◆ Collected data:
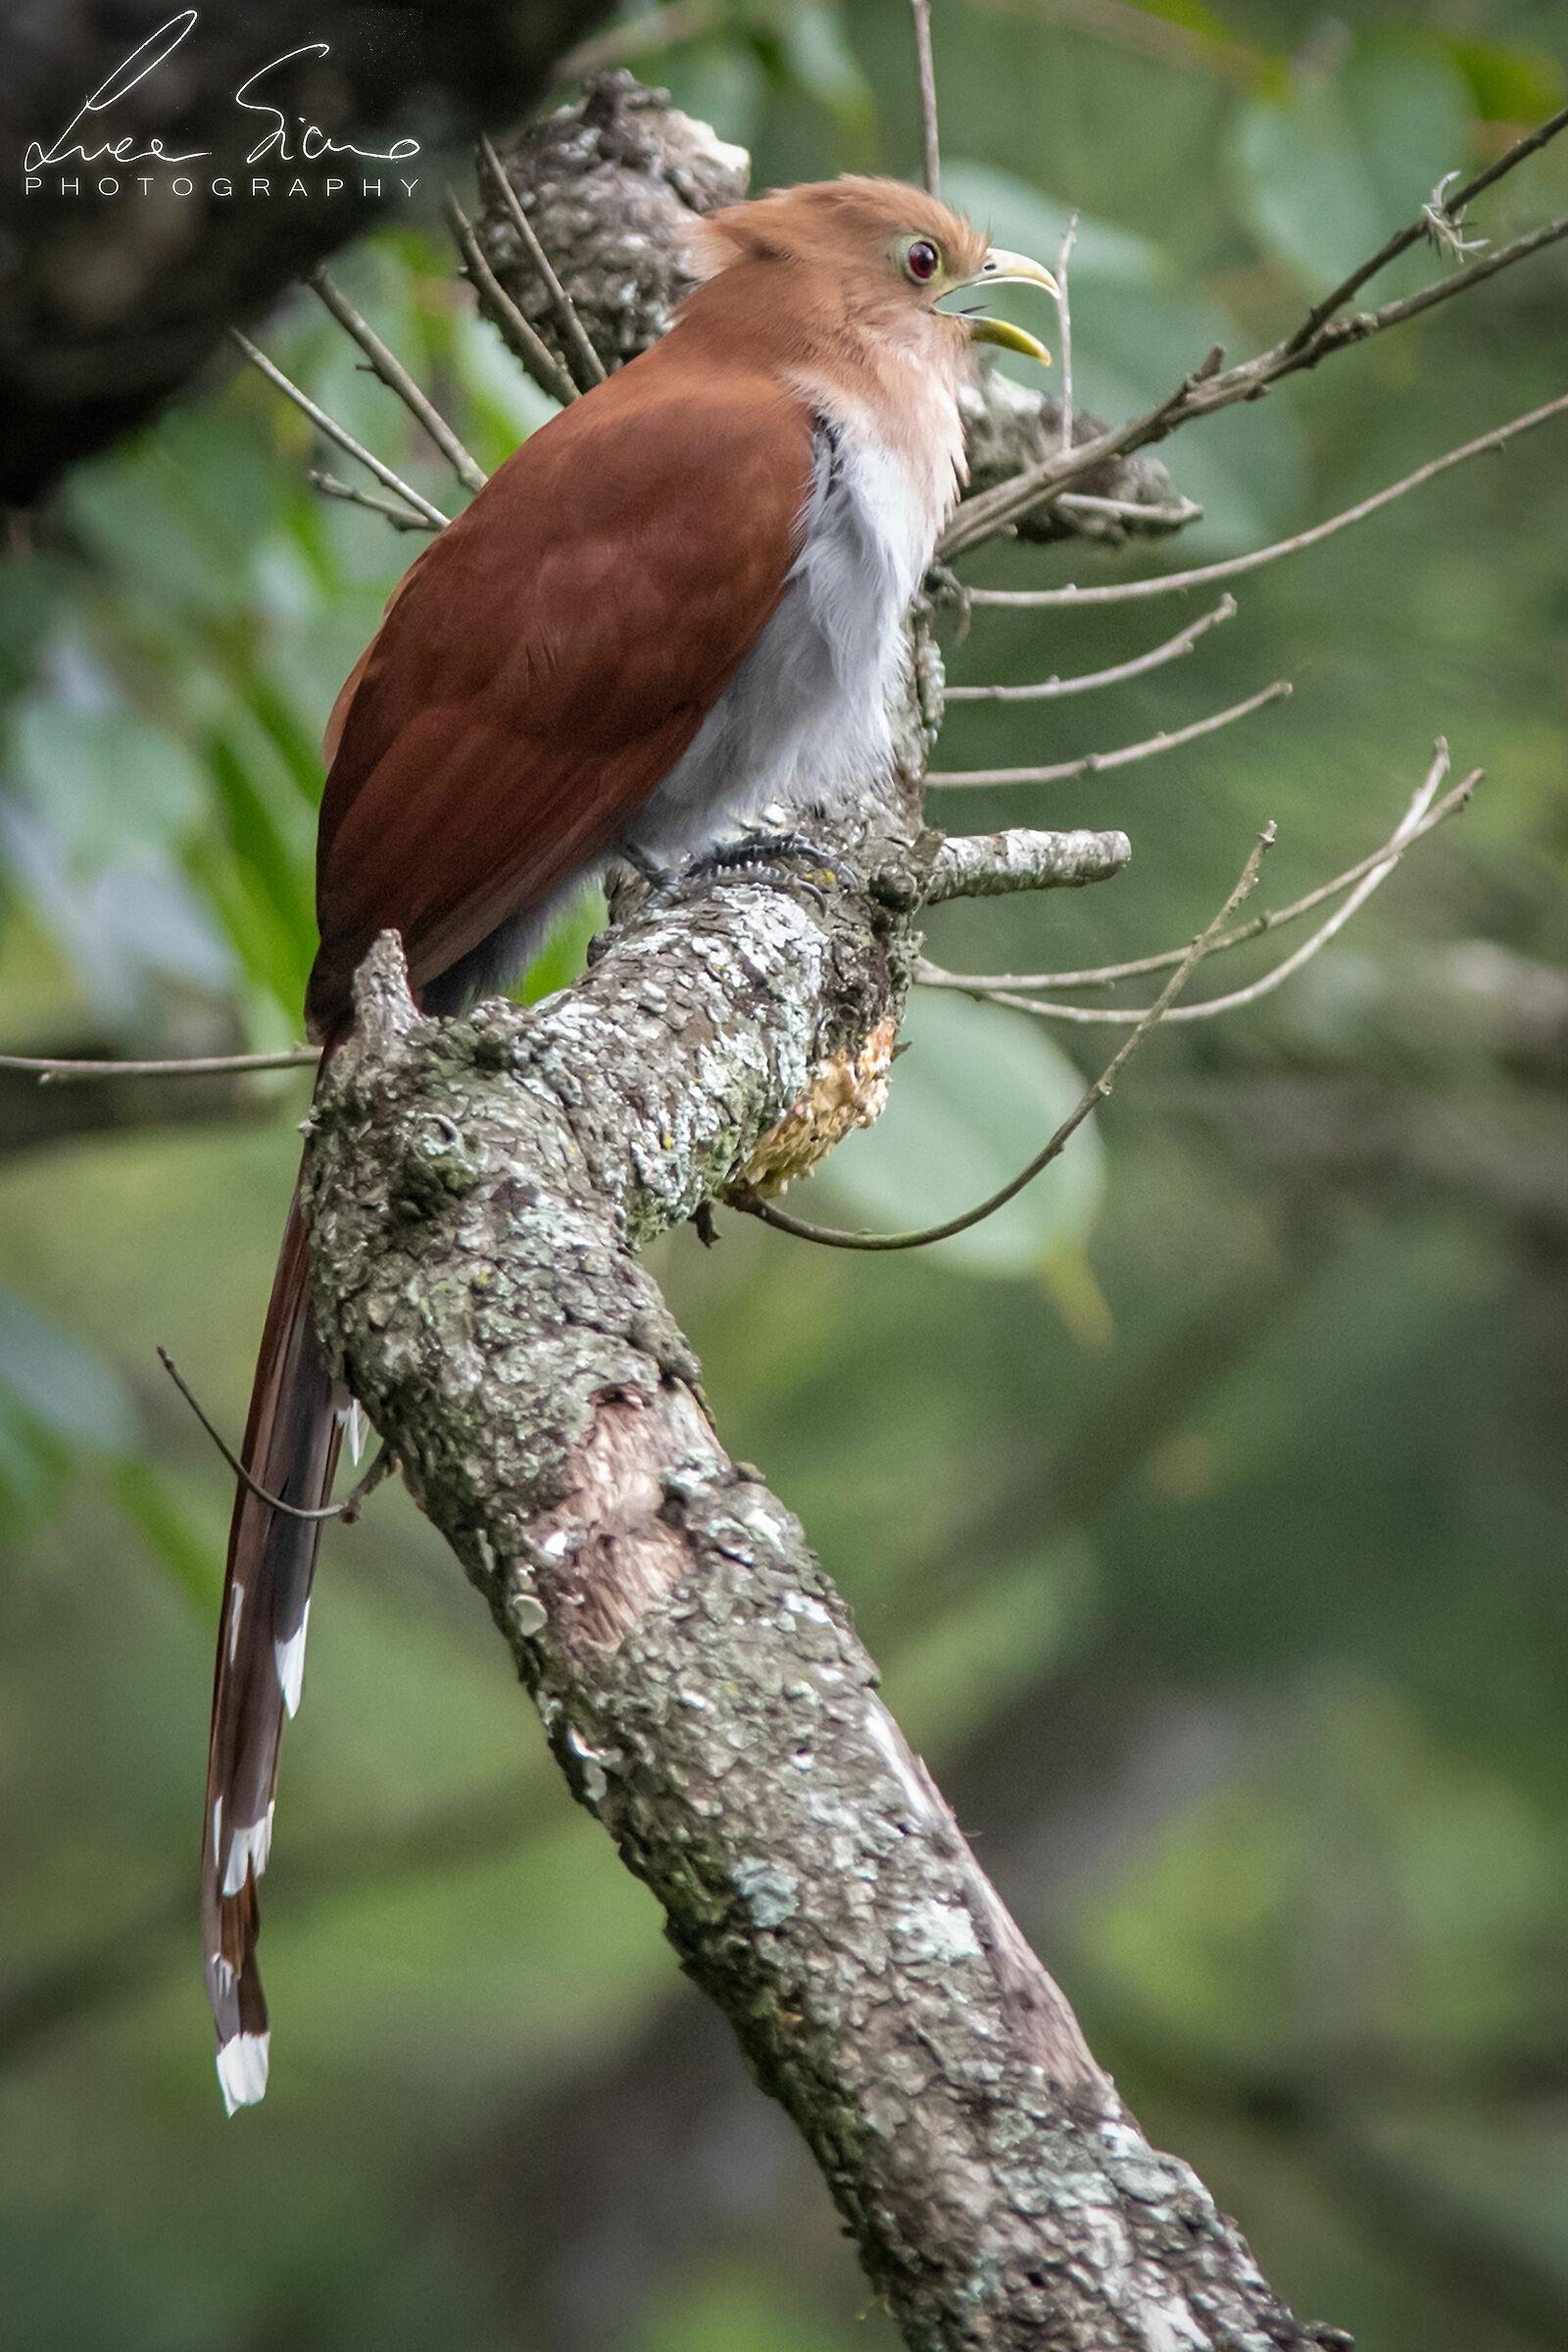 Piaya cayana or Squirrel Cuckoo...
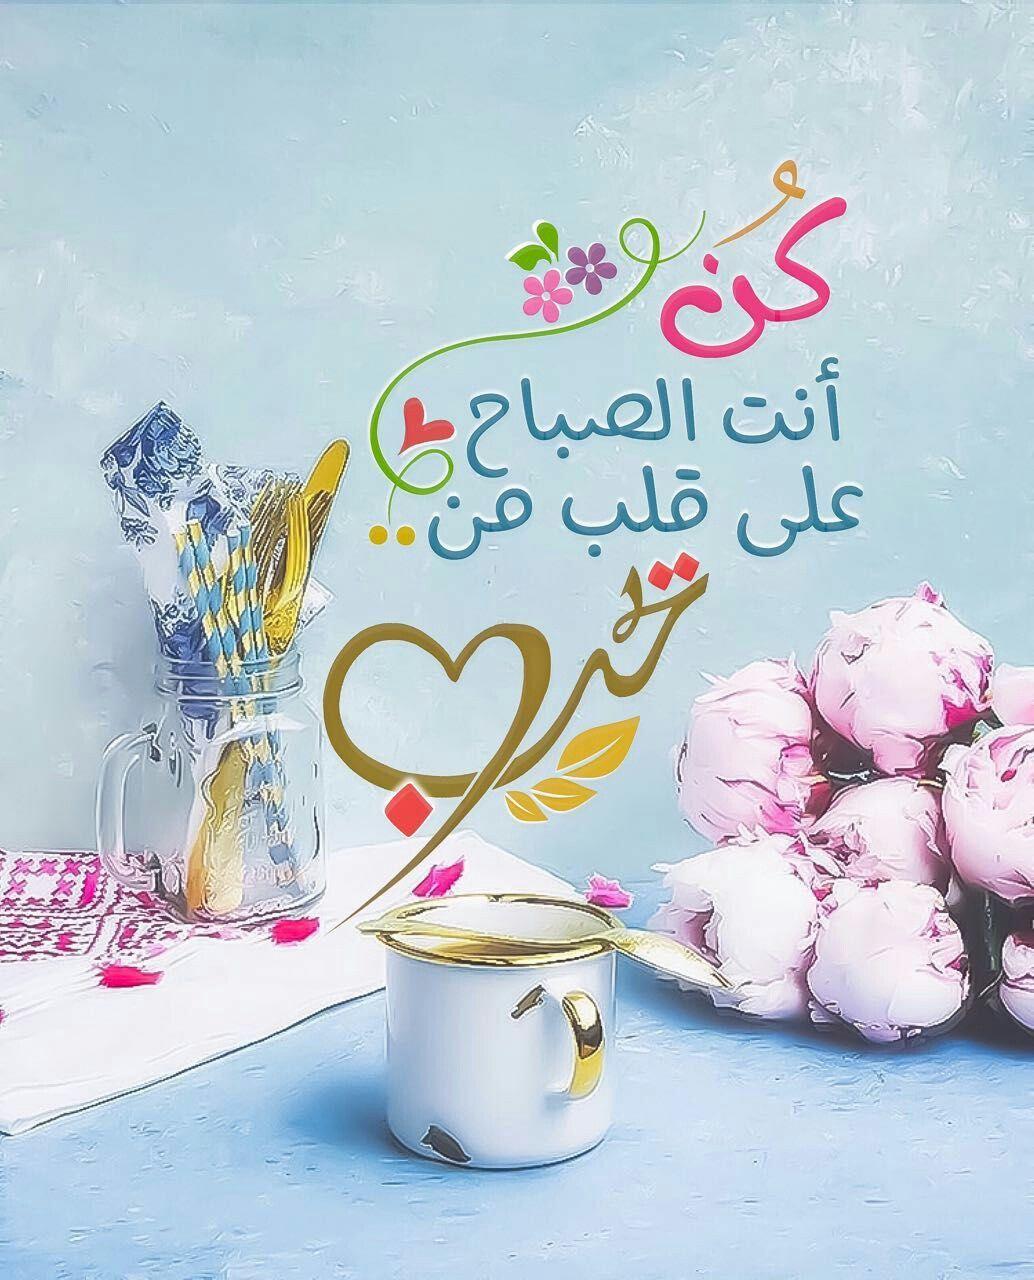 Pin By Razan Alabdeh On صباح ومساء Good Morning Arabic Morning Greeting Ramadan Cards
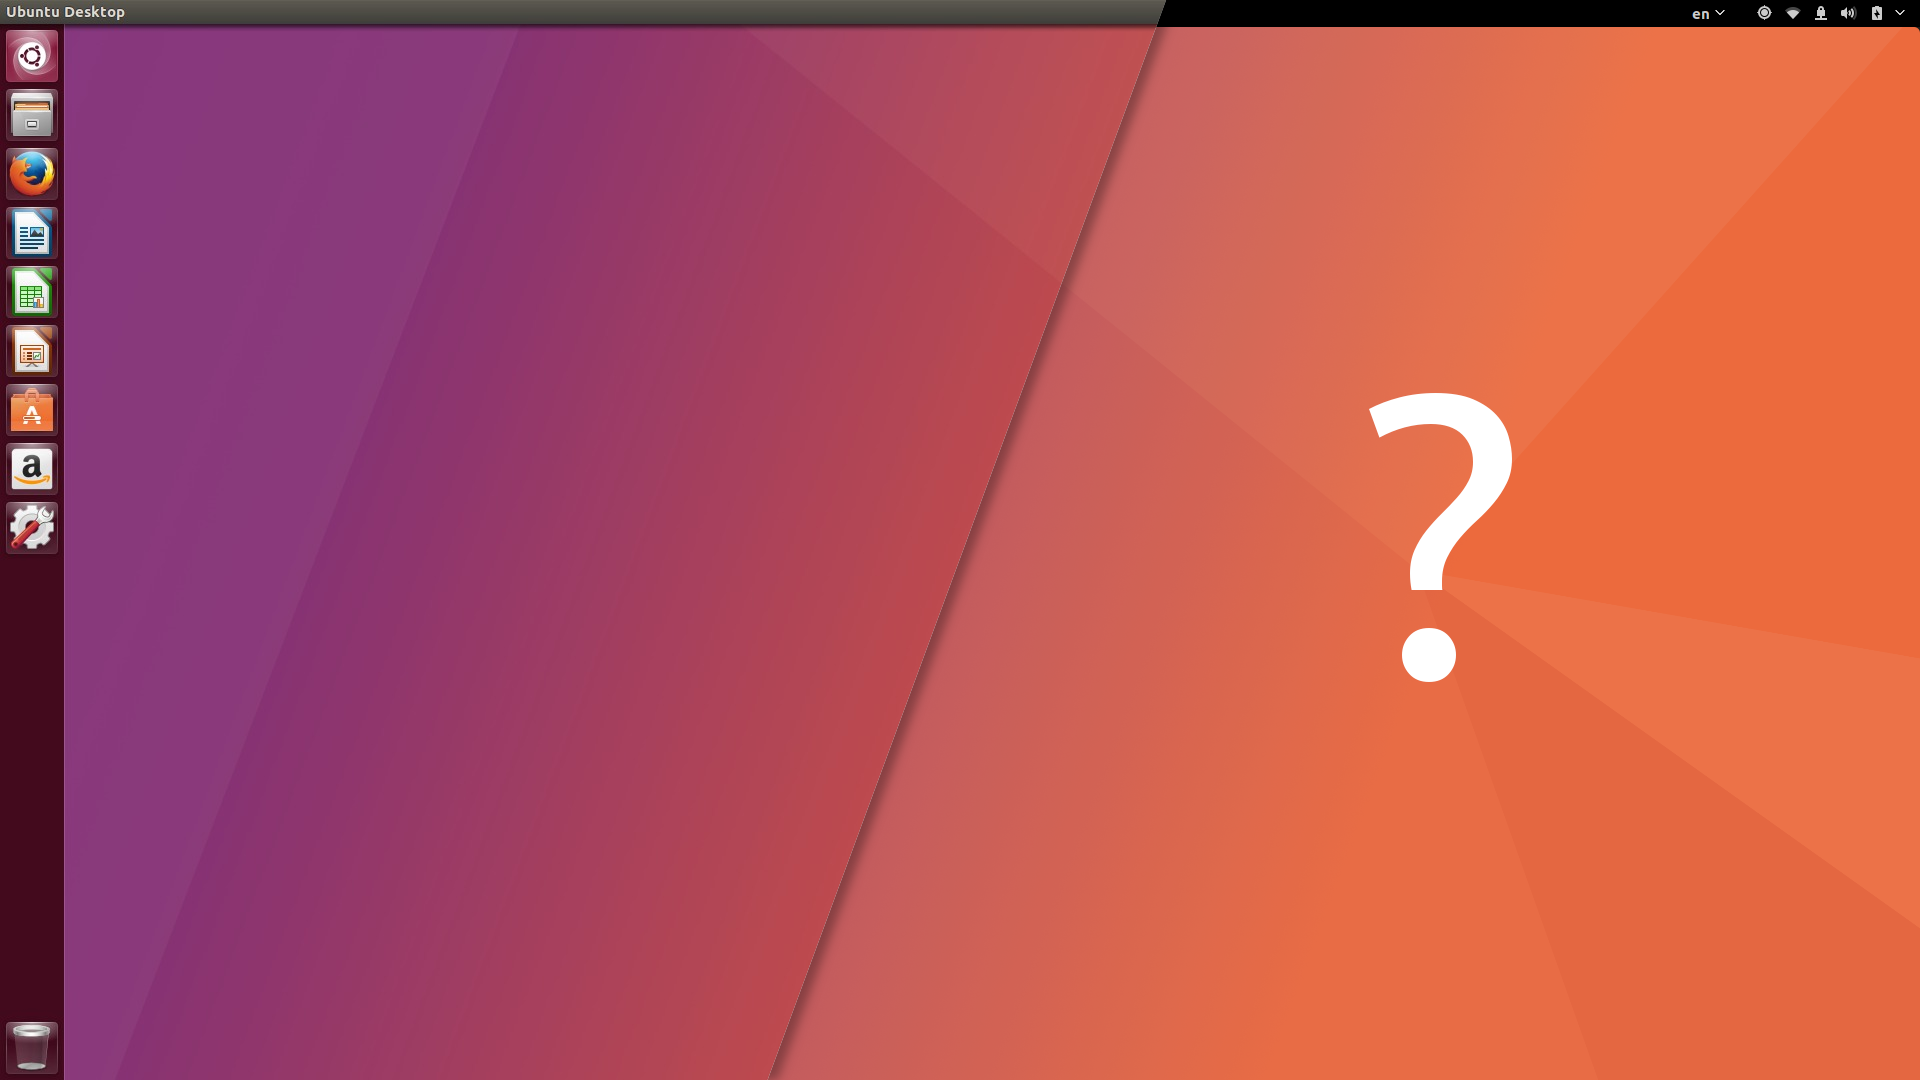 Cambiar de Unity a Gnome-Shell: primeros desafíos
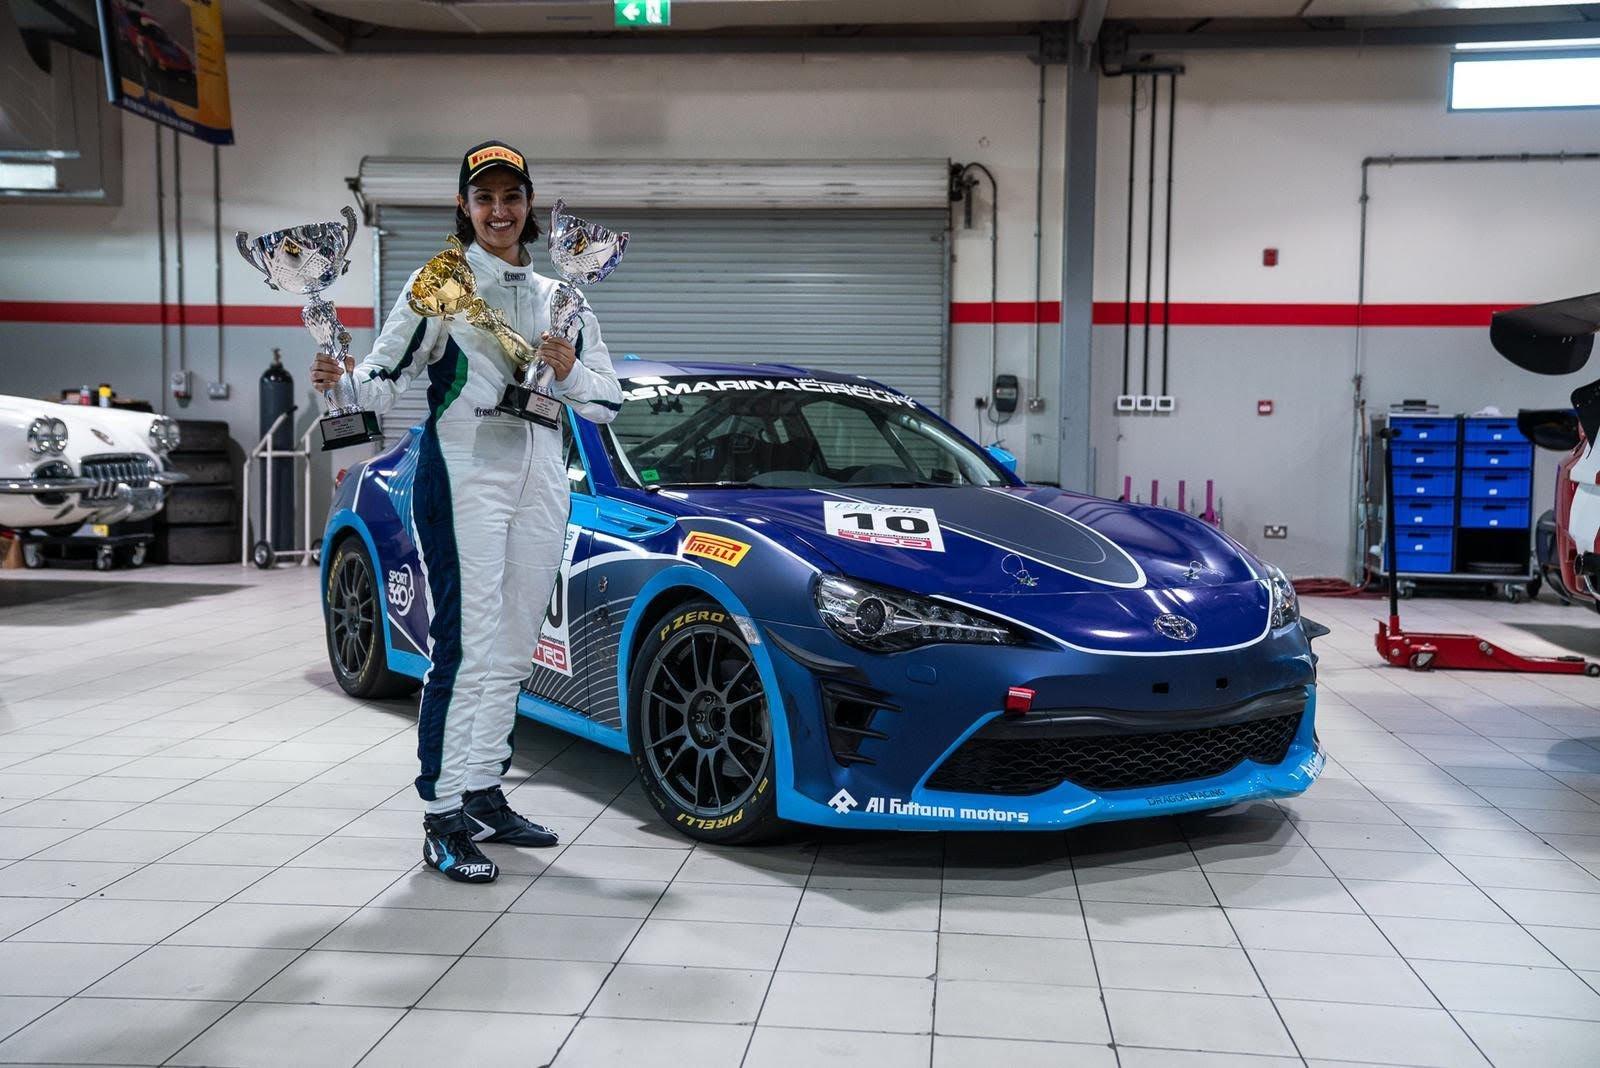 Saudi Arabia keen on hosting women racers along with F1 GP

◆ Instructions to follow:
Omit the pictures and write out the remaining data exactly.

◆ Task answer:
 Piaya cayana or Squirrel Cuckoo...
 Pin By Razan Alabdeh On صباح ومساء Good Morning Arabic Morning Greeting Ramadan Cards
 Cambiar de Unity a Gnome-Shell: primeros desafíos
 Saudi Arabia keen on hosting women racers along with F1 GP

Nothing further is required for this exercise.